The Lower House has 293 House members.

Baguilat said those who would join the opposition would be making sacrifices since it would mean losing committee chairmanships, vice chairmanships and other privileges.

Caloocan Rep. Edgar Erice, a member of the LP in the opposition bloc, finds it awkward for LP members to remain in the majority bloc while Robredo leads the opposition.

“It’s very awkward that LP members in House are in super majority while our leader is the opposition leader.
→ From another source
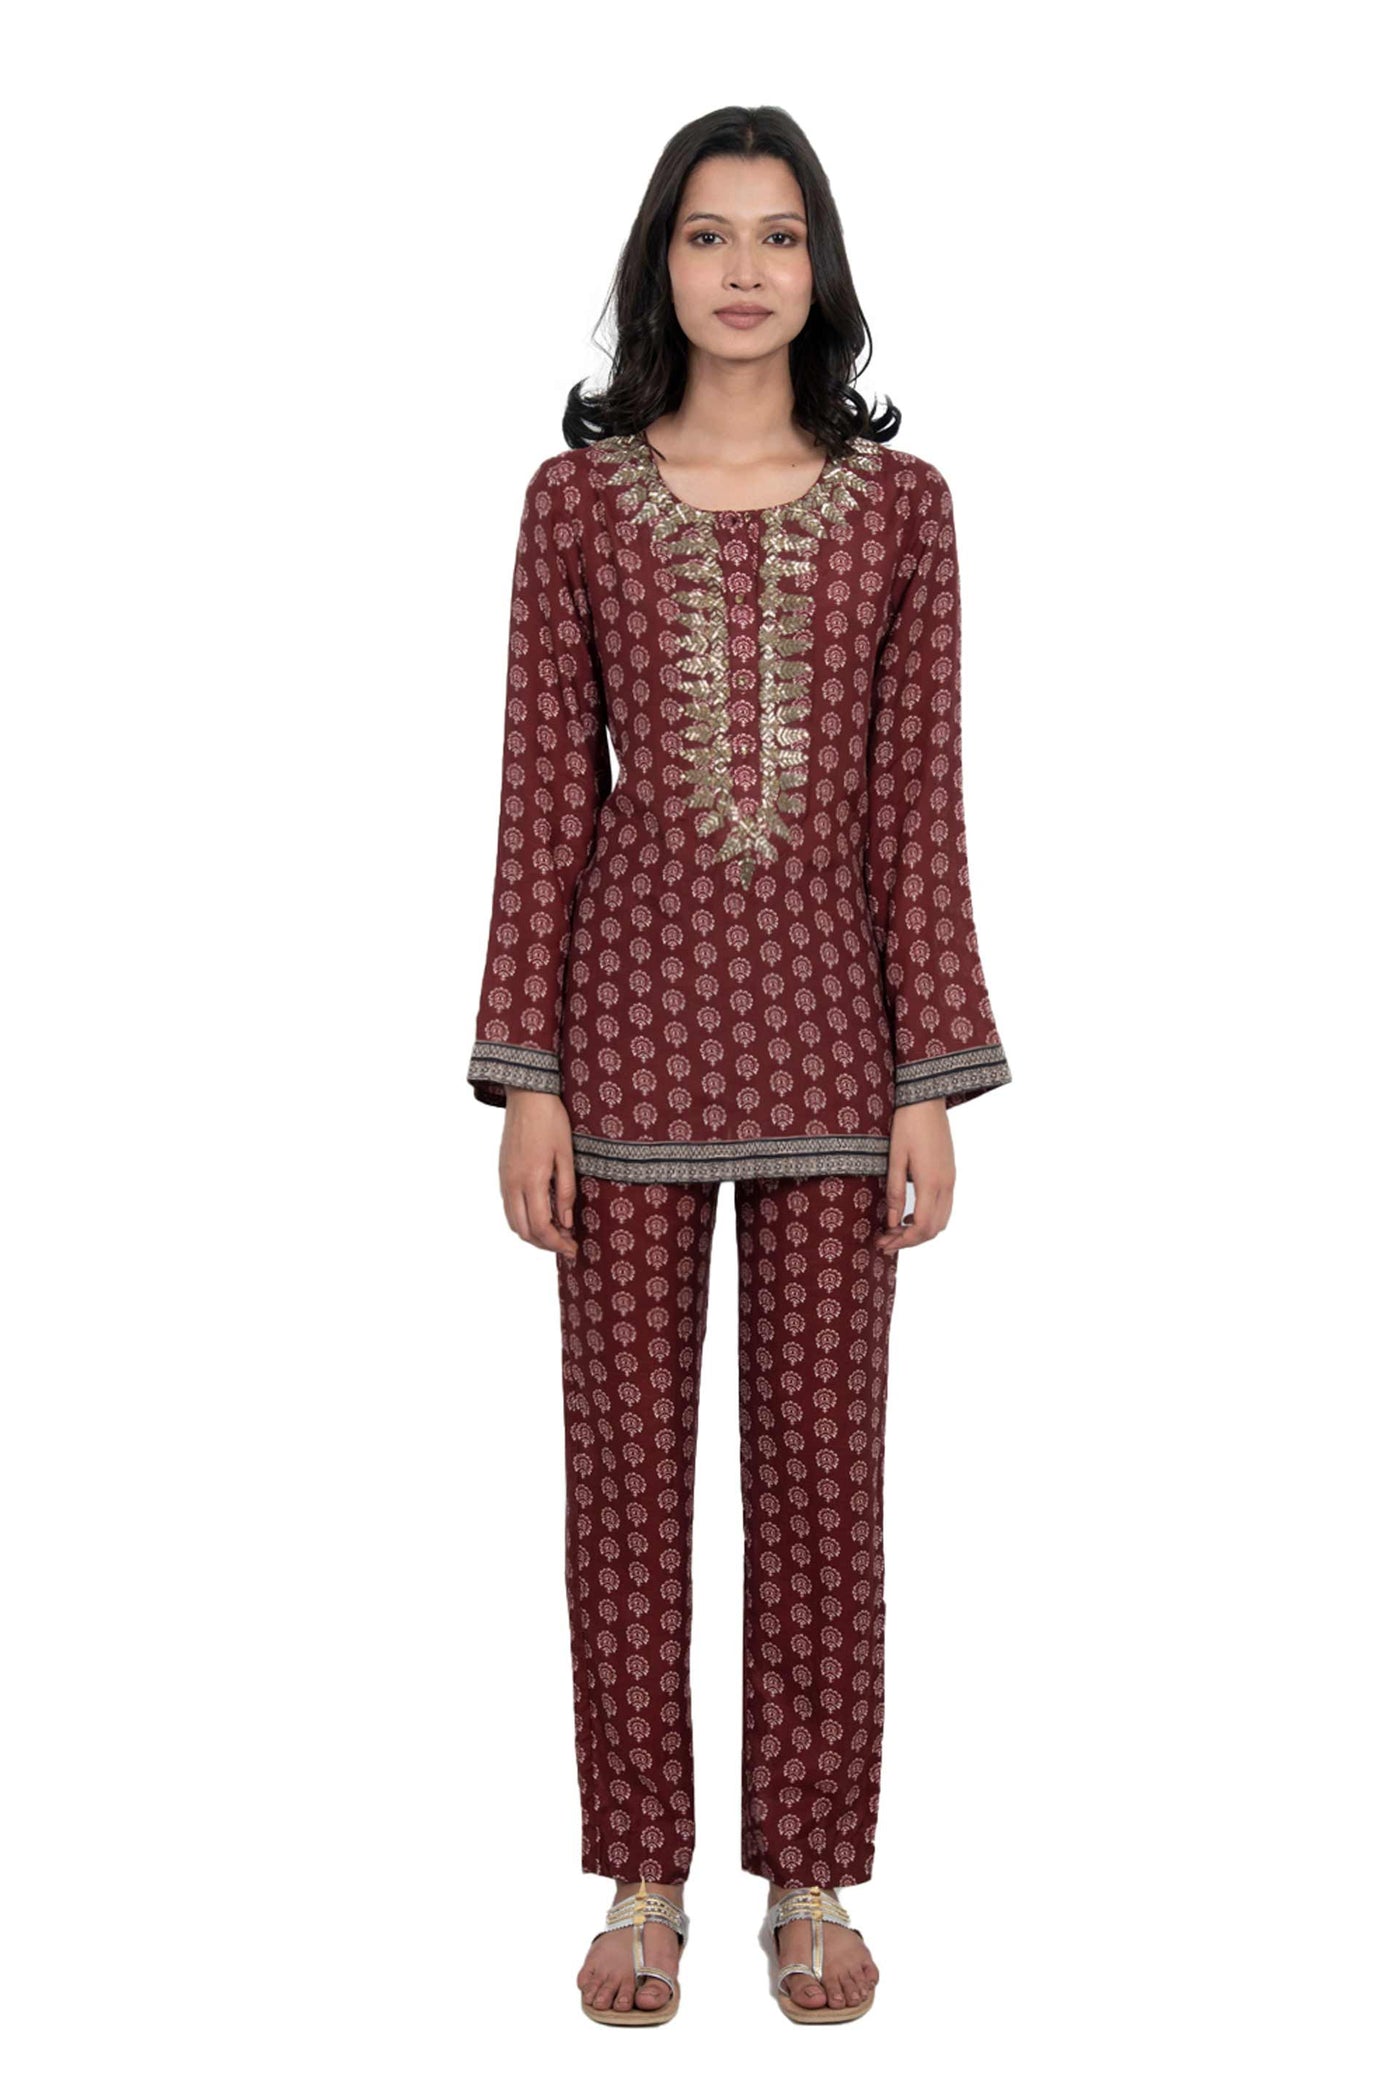 monisha jaising Shalimar Bagh Twin Set maroon red online shopping melange singapore indian designer wear
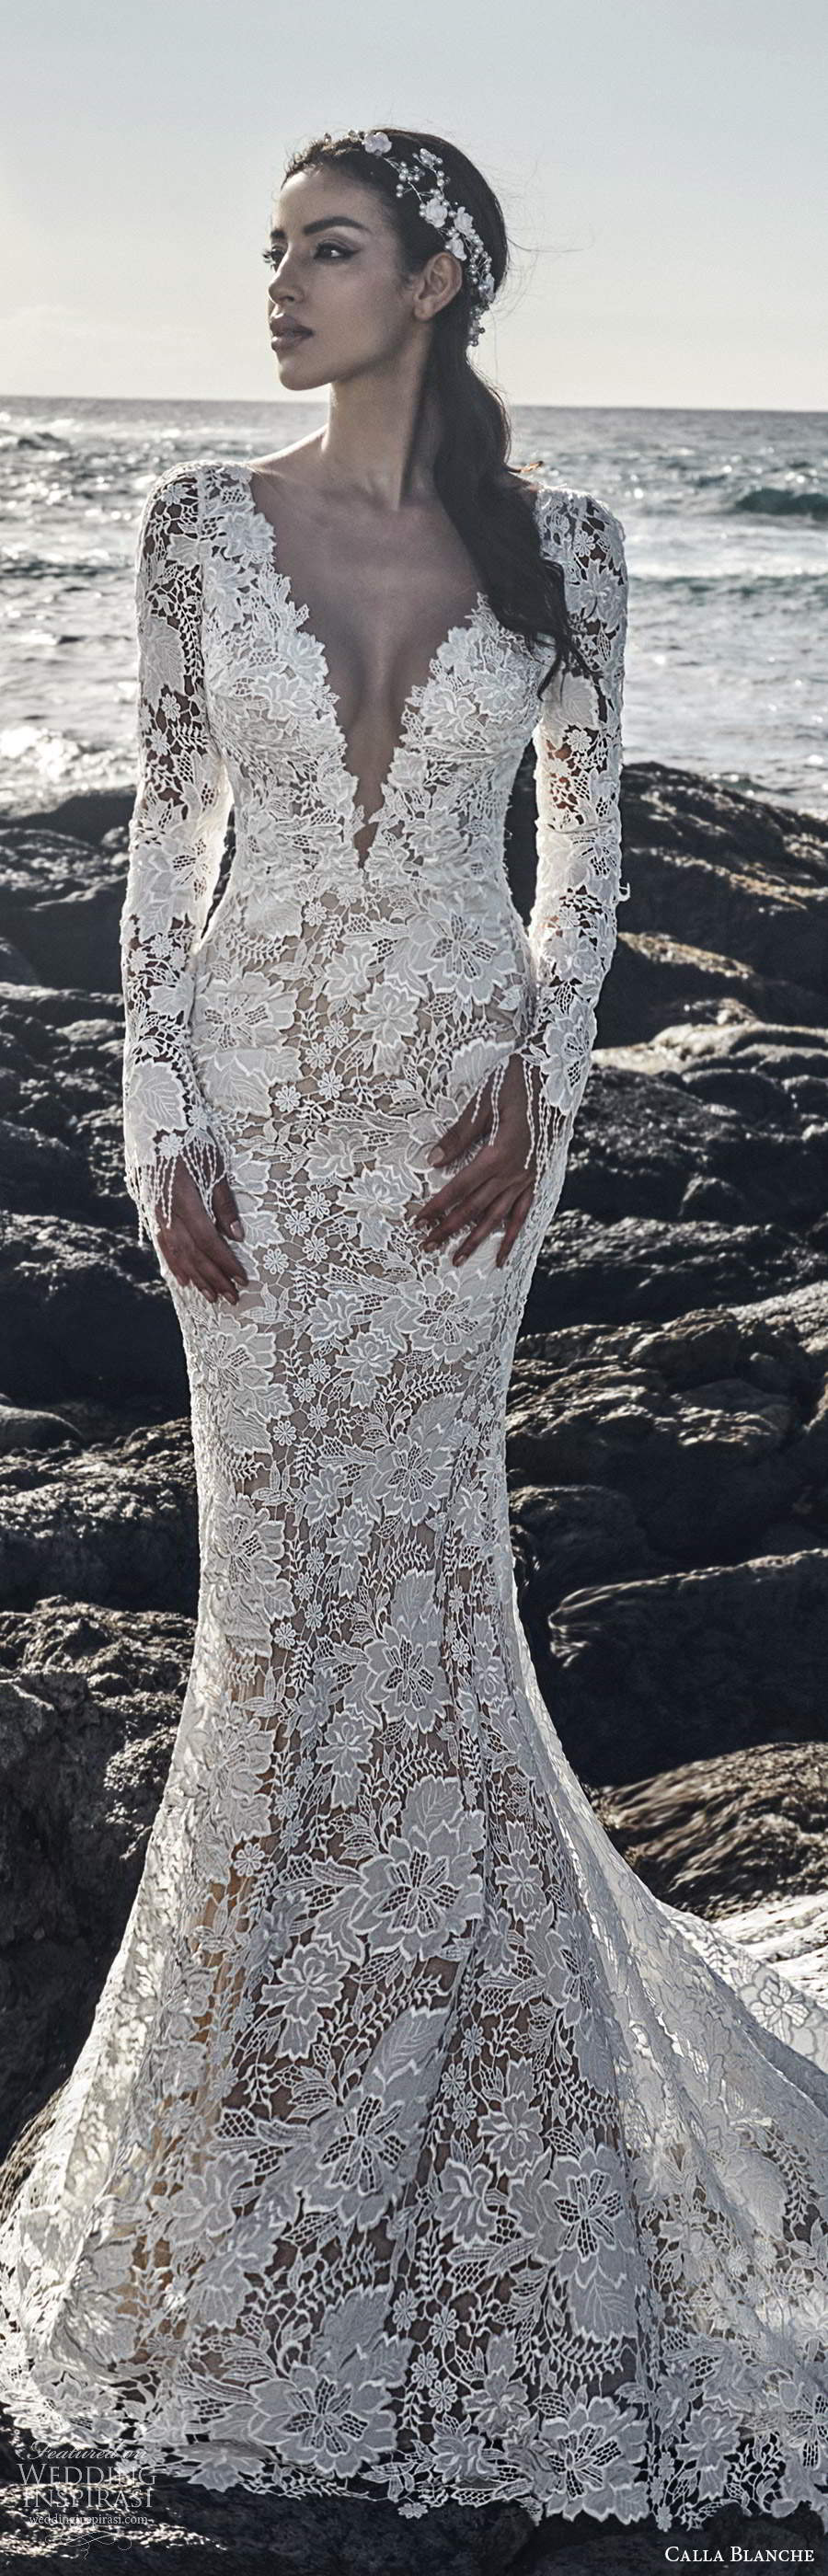 calla blanche fall 2020 bridal long sleeves plunging v neckline fully embellished lace sheath mermaid wedding dress chapel train (3) lv

It’s time to take stand,” Erice told a news conference. 

“Personally, (I feel) LP members have no choice but to choose whether to join our leader in opposition or split from LP.”

While it is a fact that Cabinet serves at the pleasure of the President, Lagman said the vice president holding a Cabinet portfolio must be treated differently from the rest of its members.

Lagman said a vice president’s appointment in the Cabinet “has constitutional basis or anchorage, unlike all of the other Cabinet Members who are political appointees.”

Lagman cited the second paragraph of Section 3 of Article VII of the Constitution which provides: “The Vice-President may be appointed as a Member of the Cabinet.”

“This makes the vice president distinct from the other Cabinet members,” Lagman said.

Lagman pointed out that as a Cabinet appointee, the vice president requires no confirmation by the Commission on Appointments, “unlike the rest who have to pass the gamut of the confirmation process.”

He said that as a cabinet member, the vice president “could not be considered merely as an alter ego of the President because he or she has a distinct and separate popular and constitutional mandate.”